Robinhood does not need to launch a Robinhood gas token or persuade the public that it deserves a lasting monetary premium. Robinhood itself possesses stocks, generating its economic returns from customers, products, assets, trading, and cash flows, with the blockchain merely serving as its infrastructure.
Using ETH as gas is a straightforward business decision. L2 services already use ETH to pay for L1 service fees, ETH is highly liquid, widely applicable, and is the system's native token; deploying a proprietary gas token would complicate allocation, liquidity, pricing, and legal issues, and issuing a token would not improve Robinhood’s core product.
Robinhood's success will depend on its application layer and the off-chain businesses supported by that application layer, rather than its efficiency in creating new monetary assets. Therefore, it is inaccurate to say that Robinhood built its own blockchain and rejected existing L1 and L2 services.
Robinhood simply refused to share its proprietary execution environment with other projects, rather than rejecting Ethereum; on the contrary, it chose Ethereum as the parent chain of its proprietary blockchain.
Previously, Coinbase made a similar decision by launching Base. Coinbase is not a proponent of Ethereum and it is well-known that Brian Armstrong has publicly stated that his enthusiasm for Bitcoin far exceeds that for Ethereum, yet when Coinbase selected infrastructure for its on-chain businesses, it chose to become an Ethereum L2.
Base is actually powerful evidence that the Ethereum L1+L2 model is not just theoretical; Coinbase's decision was based on business considerations rather than ideology.
When companies build cash businesses instead of engaging in token sales, they are making business decisions, which determines that the infrastructure they choose will be the Ethereum L1+L2 model.
What does this mean for Ethereum and ETH?

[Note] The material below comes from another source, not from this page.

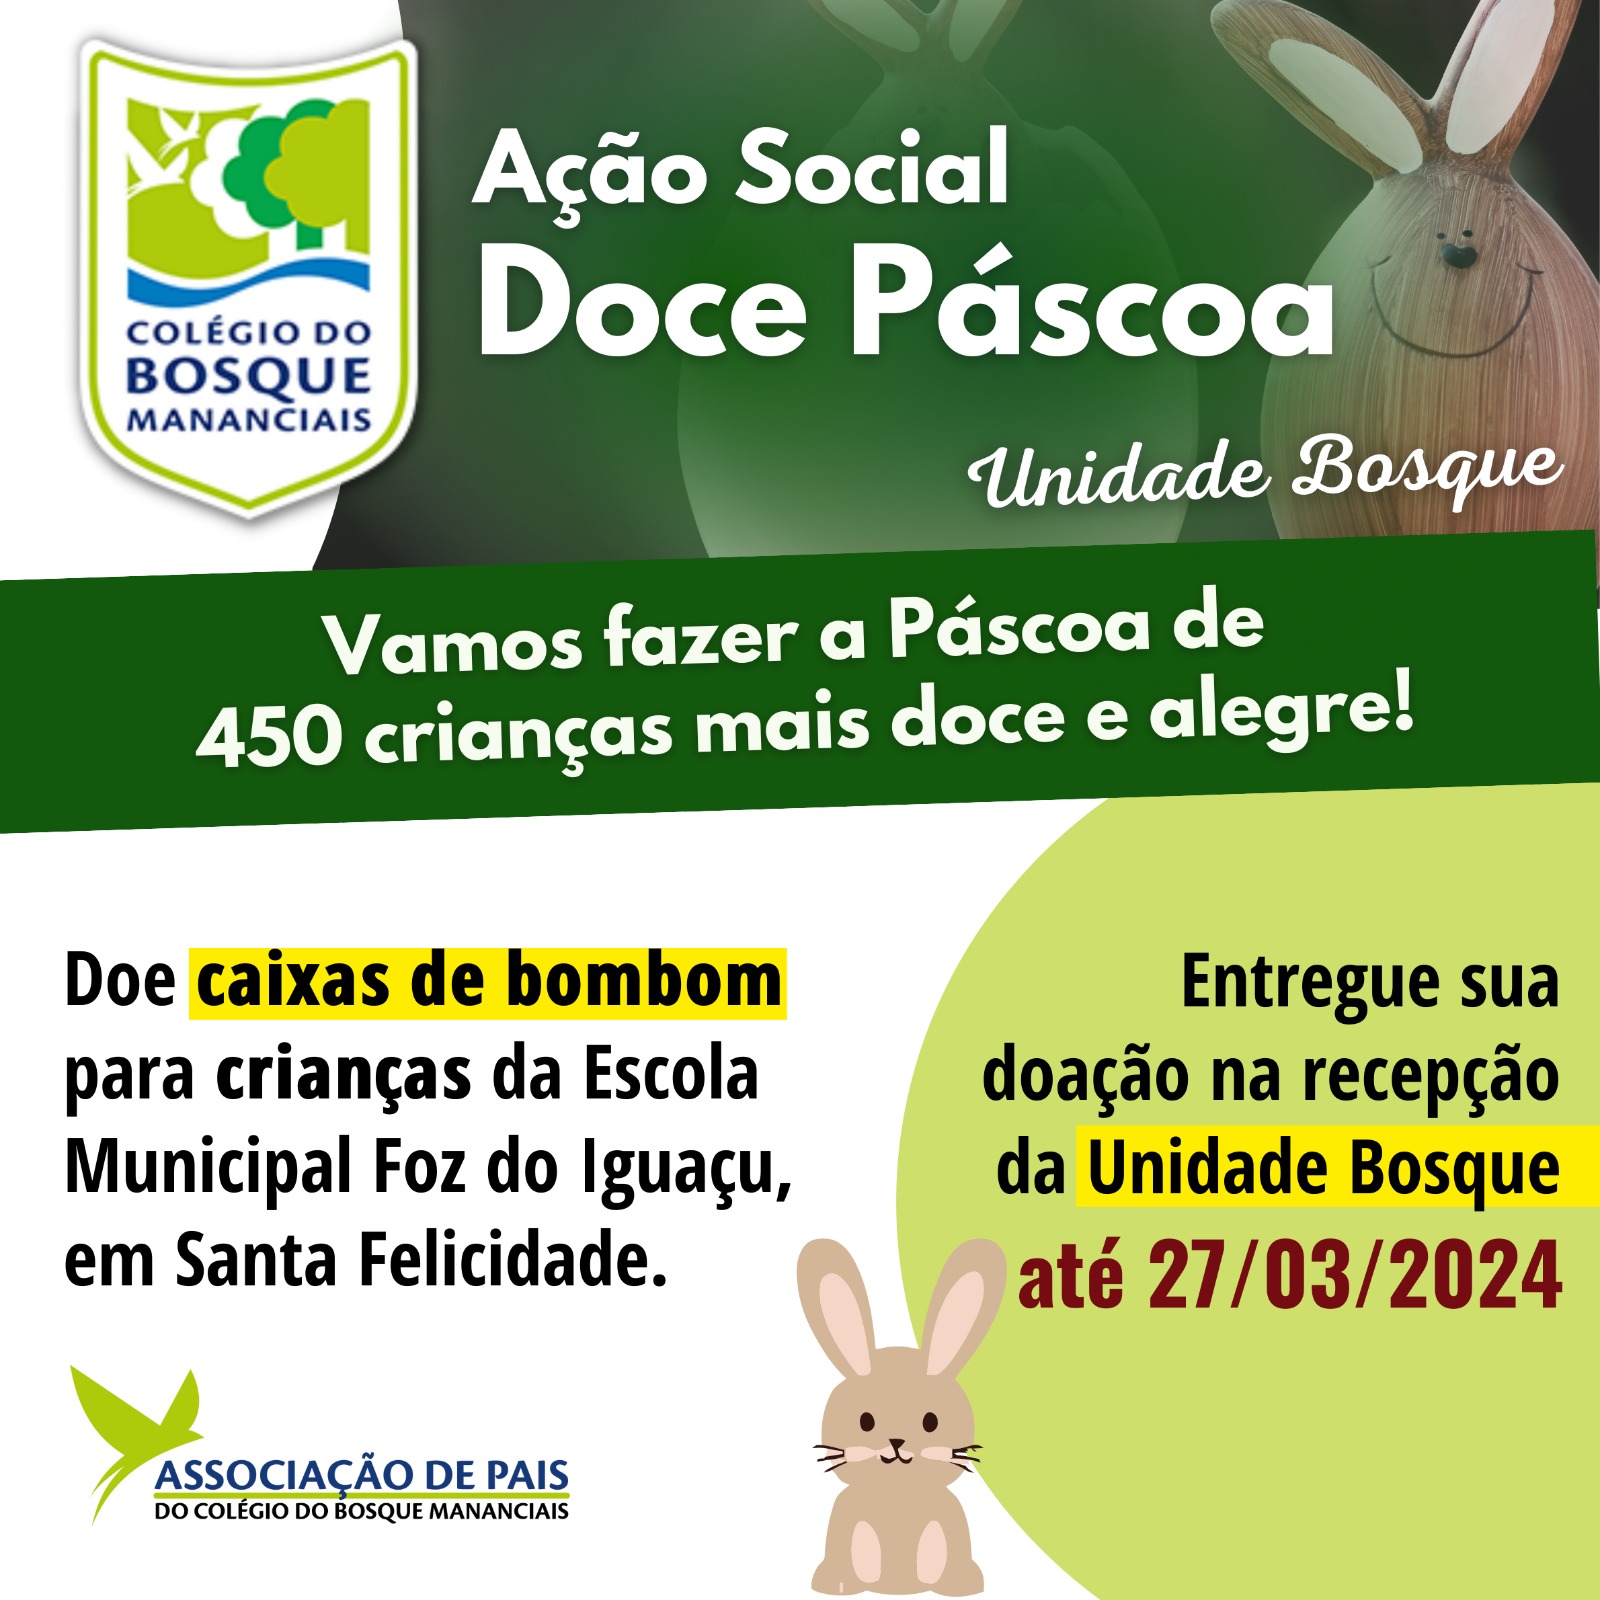 AÇÃO SOCIAL DOCE PÁSCOA

This change in participant composition is extremely favorable for Ethereum.
Historically, the competitive landscape of blockchains has been dominated by teams whose incentive mechanisms focus on token creation, ecosystem funding, and token valuation. Looking ahead, the competitive landscape of blockchains will increasingly be led by companies optimizing security, customers, control, distribution, liquidity, and interoperability, all aimed at serving cash businesses.
This shifts demand towards Ethereum's “barbell” structure: L1 is used to minimize risk and enhance liquidity; L2 is used for scaling, customization, and operator control.
Ethereum has grown into a globally universal platform not by forcing all companies into a common shared execution environment but by becoming the underlying settlement, security, liquidity, and asset layer for numerous environments.
This is also good news for ETH. The success of ETH lies in building a monetary network and global trust, and ETH serves as an excellent stake credential as well as the native asset of Ethereum's global settlement layer. Throughout the ecosystem, it serves as collateral, liquid asset, treasury asset, productive asset, and is becoming a form of terminal asset.
As more real enterprises build applications on Ethereum, they will distribute ETH to more users, integrate it into more products, and enable it to play roles in more sectors. This will enhance ETH's liquidity and investor confidence, further strengthening the monetary premium, which will ultimately evolve into a greater network effect.
Robinhood is not an exception but a beacon.
Real enterprises will use Ethereum L1 when they need the most neutral, lowest risk, and most liquid shared environment globally. When control, customization, and high performance are needed, they will build their own Ethereum L2. But when their business isn’t substantial enough to support constructing an independent blockchain, they will deploy to mature blockchains, typically Ethereum L2.
This is not because they are fans of Ethereum but because they made rational business decisions.